Not sure if I set a canonical tag google will still index the thai title and introduction texts (they have important thai keywords in them)
Would really appreciate your help on this
Regards,
Menelik
-
Hi John
Sorry for my late response ;-(
Thank you very much for your help. I added a rel=alternate for the Thai version as well. So far it looks good - no duplicated content.
Regards,
Menelik
-
The Google Webmaster set up sounds right to me!
You should set the rel alternate on all pages that go back and forth, not just the English pages. That way if Google wants to return a Thai page to an English searcher, it'll know to reference the English page. This is the set up Google recommends in their help documentation.
Don't worry about a new sitemap for the /th/ pages. Your current set up should be fine.
-
Hi John
Thank you very much for your answer. I did not know about the rel=alternate tag until today
Following your advise I modified the joomla header and now on every english page /en/... their is a rel=alternate link to the thai version.
for example:
http://www.siam2nite.com/en/magazine now has the following tag:
<link href="http://www.siam2nite.com/th/magazine" hreflang="th" rel="alternate">
Regarding the webmaster help (link you mentioned) I do not need to set a tag on the thai pages targeting the english ones correct? Just one rel=alternate on the english pages should make it right?
I tried to follow your advise with Google webmaster as well. My current configuration looks like this:
My old already existing site:
1 Site: www.siam2nite.com (no geo-targeting)
Today I created a new one
2. Site: www.siam2nite.com/th/ (geo-targeting: Thailand)
Is this the setup you meant in your answer?
I did not submit a sitemap for the 2nd site as all links (thai and english) are already included in the sitemap I use on the 1 site. Should I split my old sitemap and submit one for each site containing only the correct language links?
Thank you very much for your kind support - really appreciate it
-
The proper way to handle this is with rel=alternate hreflang tags. This will tell Google the content is the same, but in different languages.
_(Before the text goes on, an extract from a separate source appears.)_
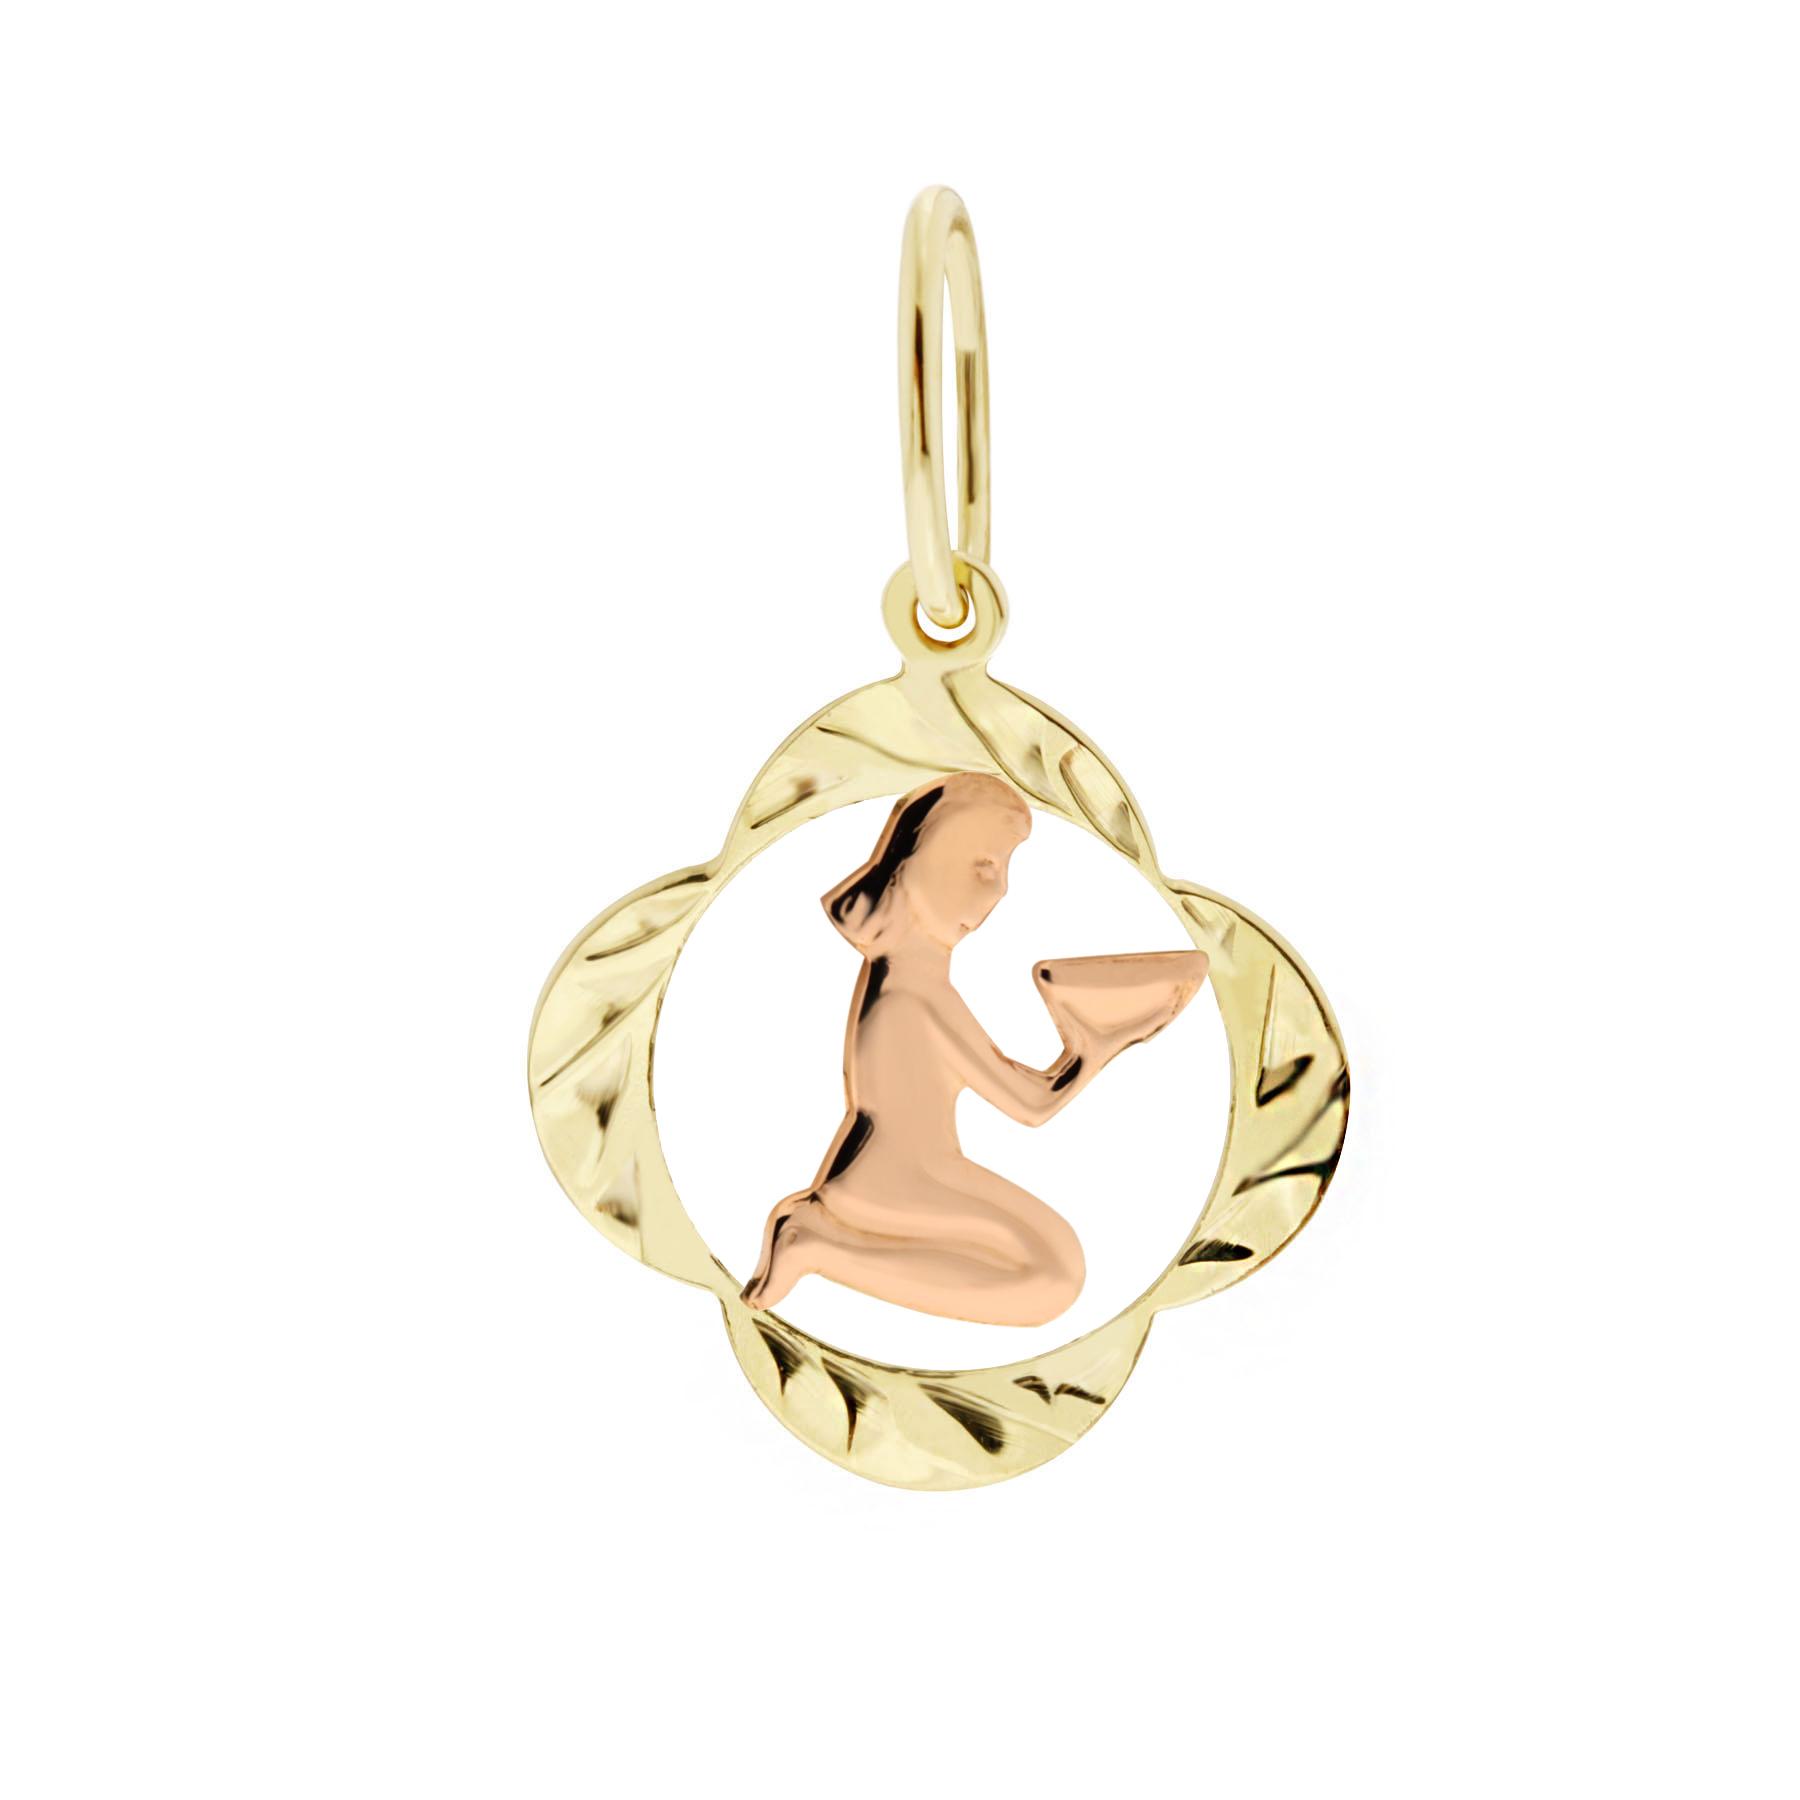 Zlatý přívěsek - znamení zvěrokruhu Panna Tvar: Čtyřlístek, rytý rámeček
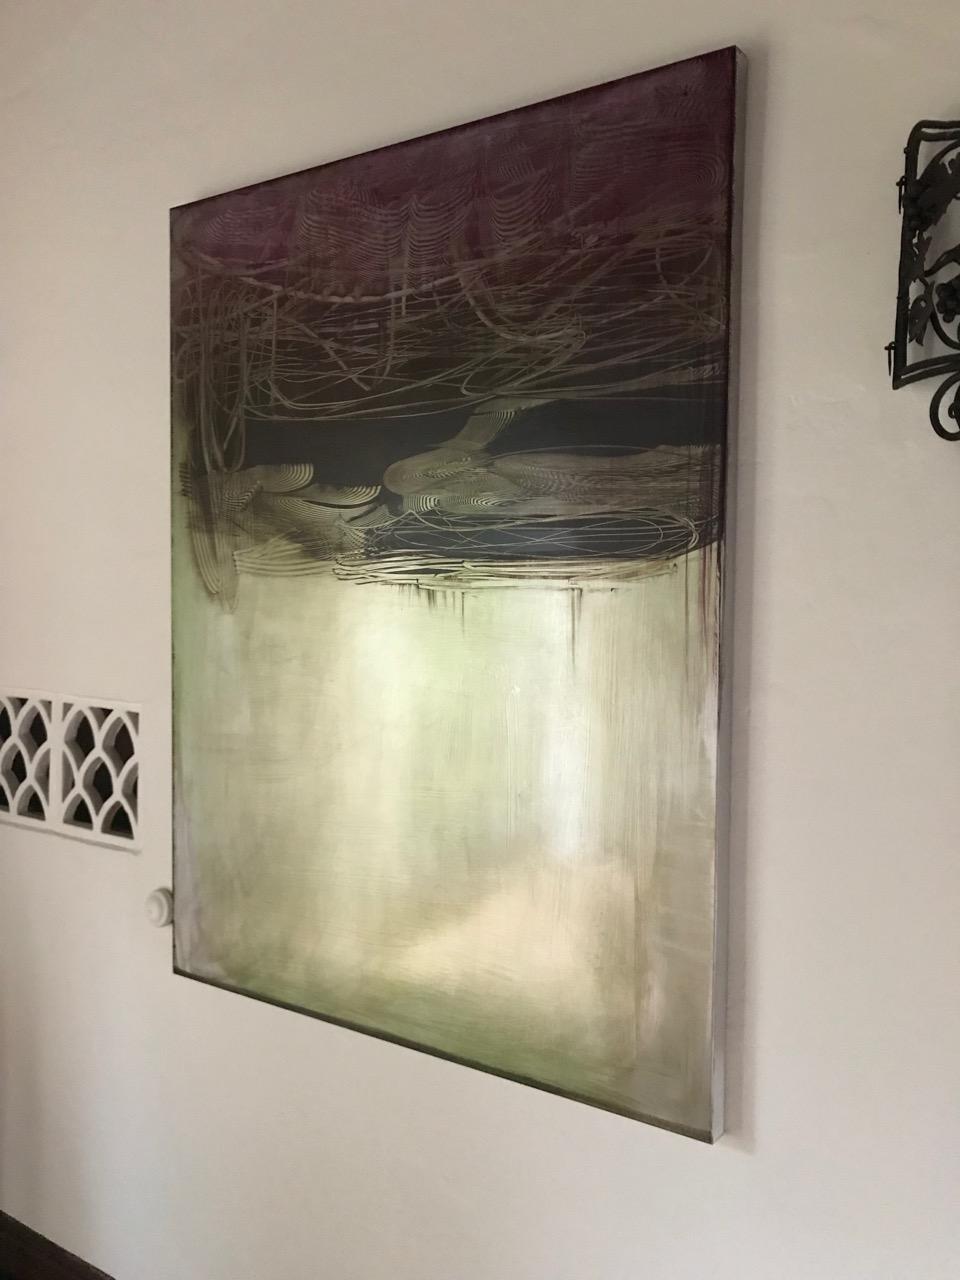 ARTIST: KIM ANNO

See http://support.google.com/webmasters/bin/answer.py?hl=en&answer=189077 for more info. You can place meta tags on each page, or do it in your sitemap.
Other things you can do to help search engines get it right is to set up a profile in Google Webmaster Tools for each of the directories (or at least for the Thai one), and set the geotargeting. For Bing, they prefer you set the country and language on each page (see here).
If you block the pages with robots.txt or use canonical tags, you're telling Google not to include those pages in SERPs. It sounds like you want the Thai pages to appear in Thai results, and the English pages in English SERPs, so I wouldn't do that.
Got a burning SEO question?
Subscribe to Moz Pro to gain full access to Q&A, answer questions, and ask your own.
Browse Questions
Explore more categories
-
Moz Tools
Chat with the community about the Moz tools.
-
SEO Tactics
Discuss the SEO process with fellow marketers
-
Community
Discuss industry events, jobs, and news!
-
Digital Marketing
Chat about tactics outside of SEO
-
Research & Trends
Dive into research and trends in the search industry.
-
Support
Connect on product support and feature requests.
Related Questions
-
Online classified ads site - duplicate content?
Hello, I was reading hobo s post on duplicate content. Our web is in the classified advertisement industry and our site is built up like this Homepage (last 200 ads) category 1(has the name we want to rank our homepage and around 350 ads) category 2 (around 100 ads) category 3 (around 60 ads) Now our homepage has 200 ads that also appear mostly in category 1 but also in others. We are ranking our homepage as 11 th now on Google. I'm worried a bit that the 200 ads on the homepage are not unique, because they will appear in one other category. Is this OK? Is this duplication? Should we do something? Issue is that we at first started ranking our homepage where all ads were, now there are too many so we show 200 latest on homepage and then they are split into category pages.
On-Page Optimization | | advertisingcloud0 -
Website server errors
I launched a new website at www.cheaptubes.com and had recovered my search engine rankings as well after penguin & panda devestation. I'm was continuing to improve the site Sept 26th by adding caching of images and W3 cache but moz analytics is now saying I went from 288 medium issues to over 600 and i see the warning "45% of site pages served 302 redirects during the last crawl". I'm not sure how to fix this? I'm on WP using Yoast SEO so all the 301's I did are 301's not 302's. I do have SSL, could it be Http vs Https? I've asked this question before and two very nice people replied with suggestions which I tried to implement but couldn't, i got the WP white screen of death several times. They suggested the code below. Does anyone know how to implement this code or some other way to reduce the errors I'm getting? I've asked this at stackoverflow with no responses. "you have a lot of http & https issues so you should fix these with a bit of .htaccess code, as below. RewriteEngine On
On-Page Optimization | | cheaptubes
RewriteCond %{HTTPS} !=on
RewriteRule ^.*$ https://%{SERVER_NAME}%{REQUEST_URI} [R,L] You also have some non-www to www issues. You can fix these in .htaccess at the same time... RewriteCond %{HTTP_HOST} !^www.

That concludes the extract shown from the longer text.